Gibbings, Robert John (1889–1958), engraver, illustrator, and author, was born 23 March 1889 in Co. Cork, son of the Rev. Edward Gibbings, rector of Carrigrohane, and Caroline Gibbings (née Day). He was educated at boarding schools in Fermoy and Cork before entering UCC as a medical student (1906). While engaged in his medical studies he also studied art in his spare time and, in the 1909/10 academic year, registered for both arts and medicine. He abandoned his university studies in 1911 and travelled to London, where he studied at the Slade School of Fine Art and the Central School of Arts and Crafts. Deciding to concentrate on wood engraving, he exhibited a bookplate at the Royal Hibernian Academy (1913).
At the beginning of the first world war he volunteered for service and was commissioned into the 4th Battalion, Royal Munster Fusiliers. He was present at the Gallipoli landings (April 1915), where he was wounded, and later served in Salonika and Palestine. In 1917 he was stationed at Bear Island, Co. Cork, and carried out artistic commissions for UCC and the Old Corkonian Club. He was invalided out of the army in March 1918 with the rank of captain. Continually sketching and drawing throughout his military service, he completed several works based on his war experiences, including ‘City walls’, ‘Salonika’ and ‘The retreat from Serbia’. In 1919 he returned to London, where the Imperial War Museum commissioned an oil painting, ‘Gallipoli: sunset over Lemnos, HMS Triumph and HMS Swiftsure’.
Gibbings was a founding member of the Society of Wood Engravers (1920); his first commission to illustrate a book, Samuel Butler's Erewhon, came in 1923. In the following year he took over Golden Cockerel Press, serving as the company's director (1924–33). This gave him the opportunity to publish and illustrate his own work. In 1929 he travelled to Tahiti, a journey that resulted in the publication of Iorana (1932), his first travel book. He made a memorable expedition to the West Indies and the Red Sea in 1937 where, using primitive diving apparatus, he made underwater sketches of marine life. The results were published in Blue angels and whales (1938). Alongside such work, he also worked as a lecturer in book-production and engraving at the Reading School of Art (1936–42). He was conferred with an honorary MA from UCC (1938). Two years later he published Sweet Thames run softly, one of his most popular travel books. Further books based on his river journeys followed, including Coming down the Wye (1942) and Lovely is the Lee (1945), which became a book-of-the-month in the United States. A final visit to the South Seas resulted in Over the reefs (1948). Further publications and exhibitions followed and he was elected ARHA (1951). In 1955, after periods spent living in Cork, Dublin, and London, he moved to Long Wittenham, Berkshire, where he wrote and illustrated his final book, Till I end my song (1957). He died 19 January 1958 at the Churchill Hospital, Headington, Oxford, and was buried in Long Wittenham churchyard. A memorial exhibition of his work was held in the Victoria and Albert Museum in 1960.

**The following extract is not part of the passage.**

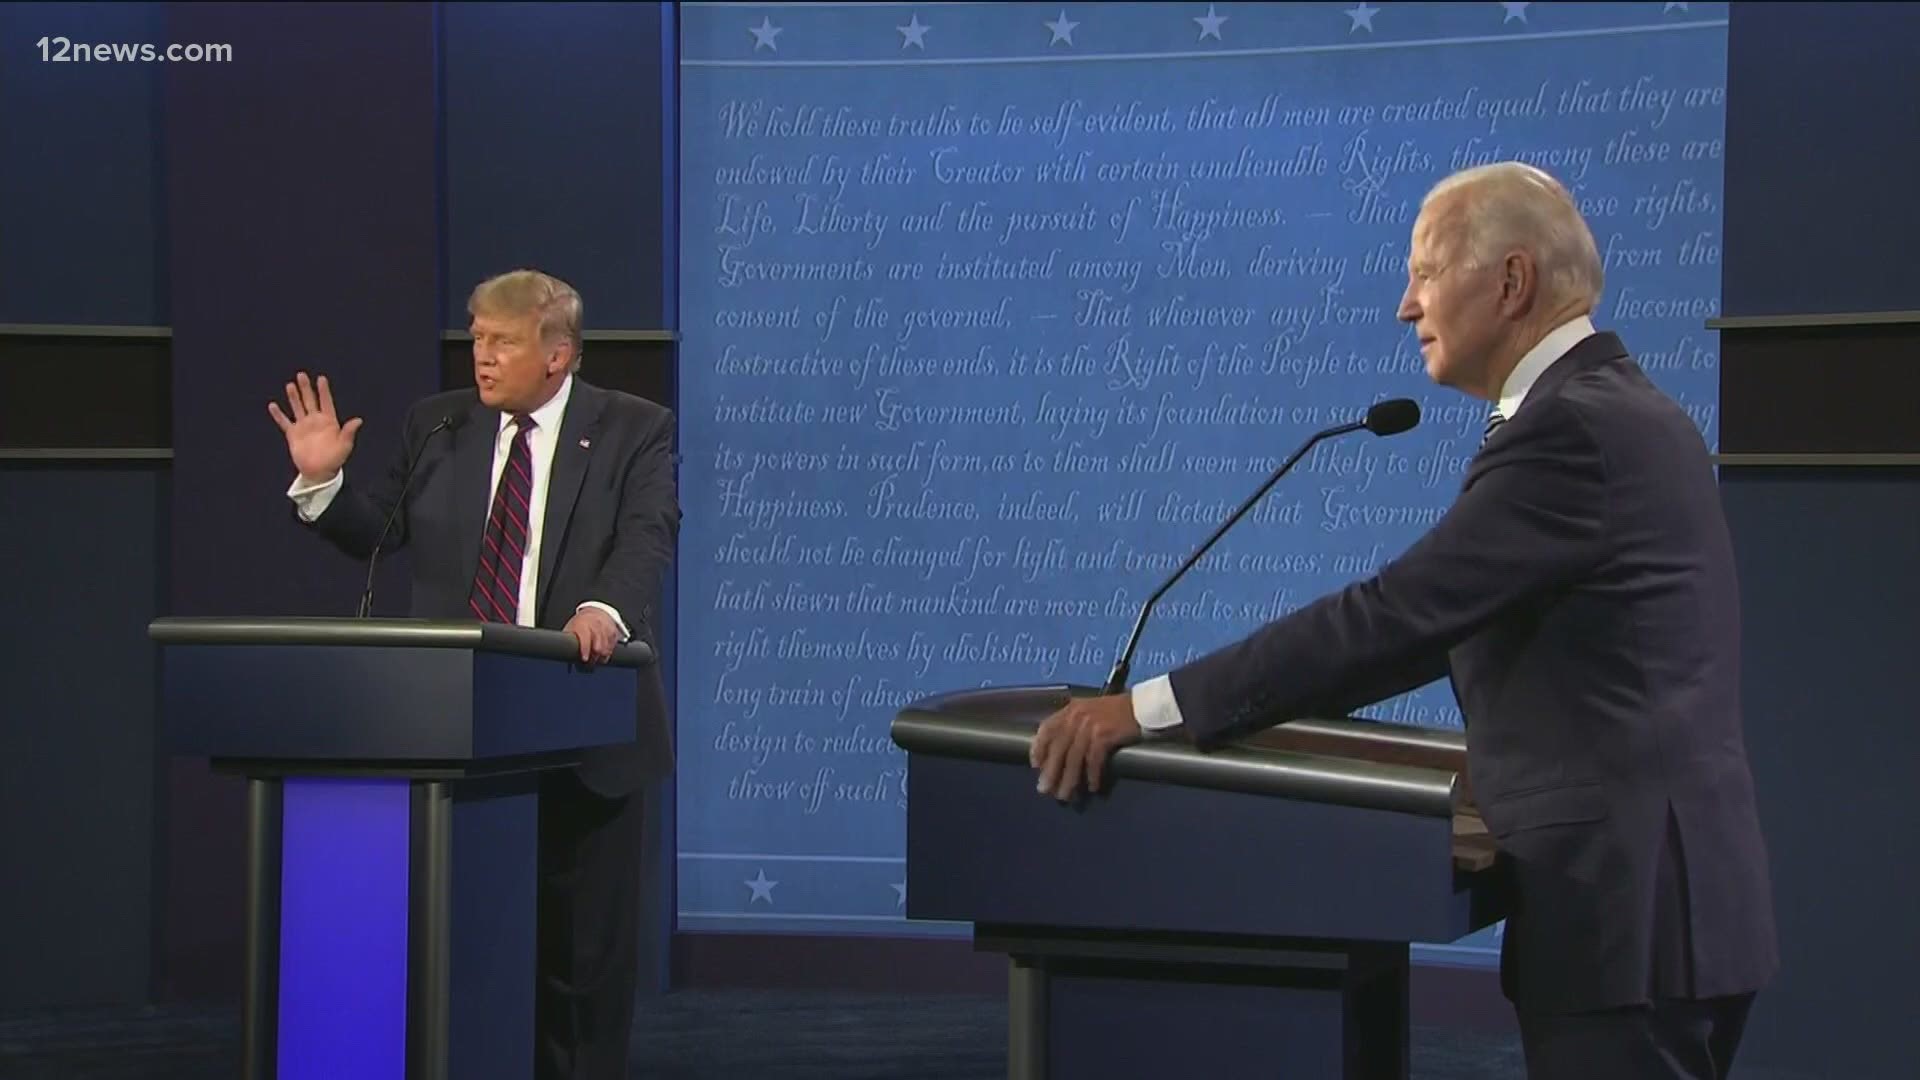 Marked by angry interruptions and bitter accusations, the first debate between President Donald Trump and Joe Biden erupted in contentious exchanges.

Gibbings married first Mary Pennefather; they had three sons and one daughter. With his second wife, Elisabeth Empson, he had one son and two daughters. There are collections of his work in galleries all over the world: the Crawford Municipal Art Gallery in his native Cork has a large collection of his engravings, and there are collections in the Scottish Gallery of Modern Art, the Auckland City Art Gallery, and the Harvard University Art Museums. The largest collection of his engravings is held in the Reading Museum and Art Gallery. The Reading School of Art holds a substantial collection of his papers.